LFI attira l’attention sur l’injustice de la CFU. Par construction, le bonus profitait autant aux Juifs qu’aux Arabes. Mais les Arabes, dix fois plus nombreux, contribueraient dix fois plus que les Juifs à son financement. Pour rétablir l’équilibre, on décida de différencier le montant de la CFU : les Arabes paieraient la CFU-A, dix fois moins élevée que la CFU-J due par les Juifs. 

Quelques incidents pénibles eurent lieu. Des Juifs dotés de patronymes ambigus comme Ayache, Haddad ou Benzekri tentèrent de se faire passer pour arabes afin de payer la CFU-A plutôt que la CFU-J dont ils étaient redevables. Ils furent repérés grâce à la vigilance de la CGT-Finances publiques, et un amendement voté à l’unanimité punit d’un an de prison ce genre de dissimulation. Dans une démarche d’apaisement, le Gouvernement créa un Haut-Conseil de la CFU, sur le modèle du Conseil d’Orientation des Retraites. Sa mission consistait à calibrer le montant de la CFU-A et de la CFU-J pour que les contributions totales payées par chacune des deux communautés correspondent à l’euro près aux bonus perçus par ses membres. On s’efforça également de rendre aussi bienveillant que possible le processus de déclaration et de paiement. Le site internet monuniversalisme.gouv.fr, encore plus pédagogique que celui des impôts, s’adressait aux citoyens à la première personne. On pouvait cliquer sur « Ai-je droit au bonus universaliste ? », « Suis-je redevable de la CFU ? », « Je paye ma CFU », « Je me déclare jui.f.ve/arabe », « Je signale une erreur sur ma classification », et même, pour ceux dont le prénom, le nom ou l’apparence pouvait susciter un doute, « Je souhaite obtenir un certificat de non-appartenance à la race sémite ».

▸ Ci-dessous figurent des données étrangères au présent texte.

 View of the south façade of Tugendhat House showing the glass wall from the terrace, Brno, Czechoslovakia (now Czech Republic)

Cette évolution suscita une vague d’indignation mondiale. Unis dans la réprobation, Israël et les pays arabes se rapprochèrent, ce qui permit d’espérer une détente générale au Proche-Orient. Cette conséquence inattendue conduisit Bernard-Henri Lévy à réclamer le prix Nobel de la paix pour François Bayrou.

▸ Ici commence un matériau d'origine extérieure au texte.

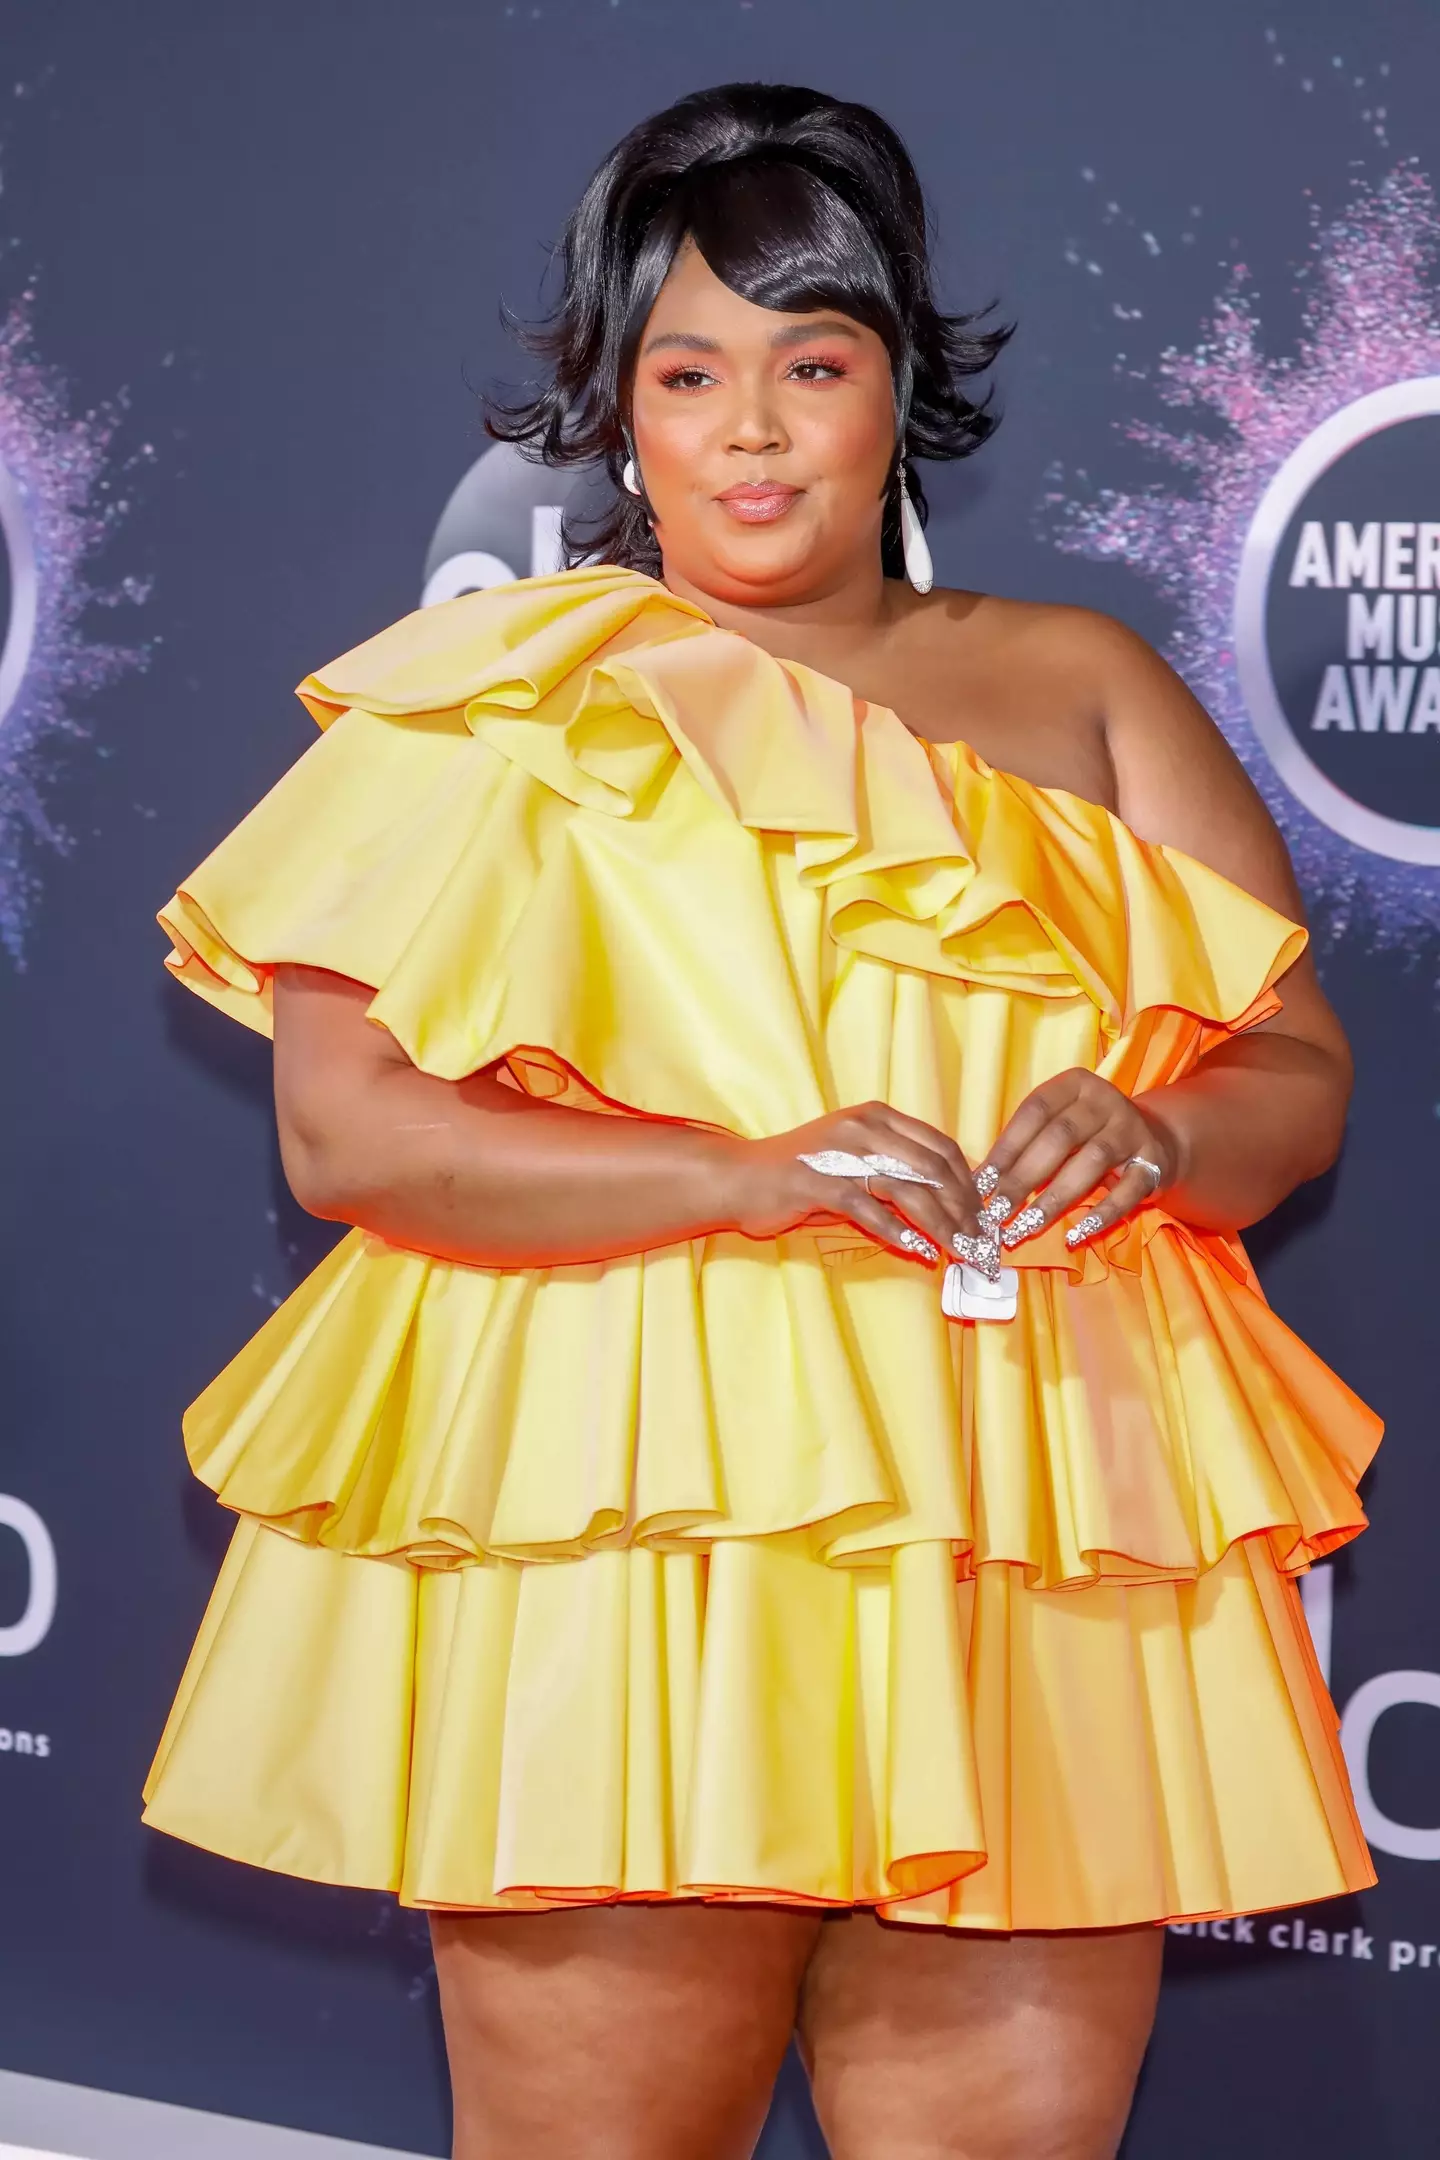 Lizzo has not publicly spoken about what happened.

Beaucoup de Juifs et d’Arabes refusèrent de s’enregistrer. Sur le Dark Web, ces récalcitrants échangeaient des trucs pour échapper à la traque sur des forums clandestins. Il fallait faire attention parce que plusieurs de ces forums s’étaient révélés être des pièges tendus par l’État pour repérer les Juifs et les Arabes non déclarés et leur faire payer la CFU augmentée d’une pénalité de retard à laquelle s’ajoutait une pénalité pour non-déclaration. Les représentants officiels des Juifs et des Arabes de France soutenaient cette répression puisque chaque récalcitrant qui refusait de payer la CFU augmentait la charge des autres membres de sa communauté. L’État n’eut donc aucun mal à mettre en place dans chaque département un Conseil arabe et un Conseil juif chargés de porter assistance à la police. 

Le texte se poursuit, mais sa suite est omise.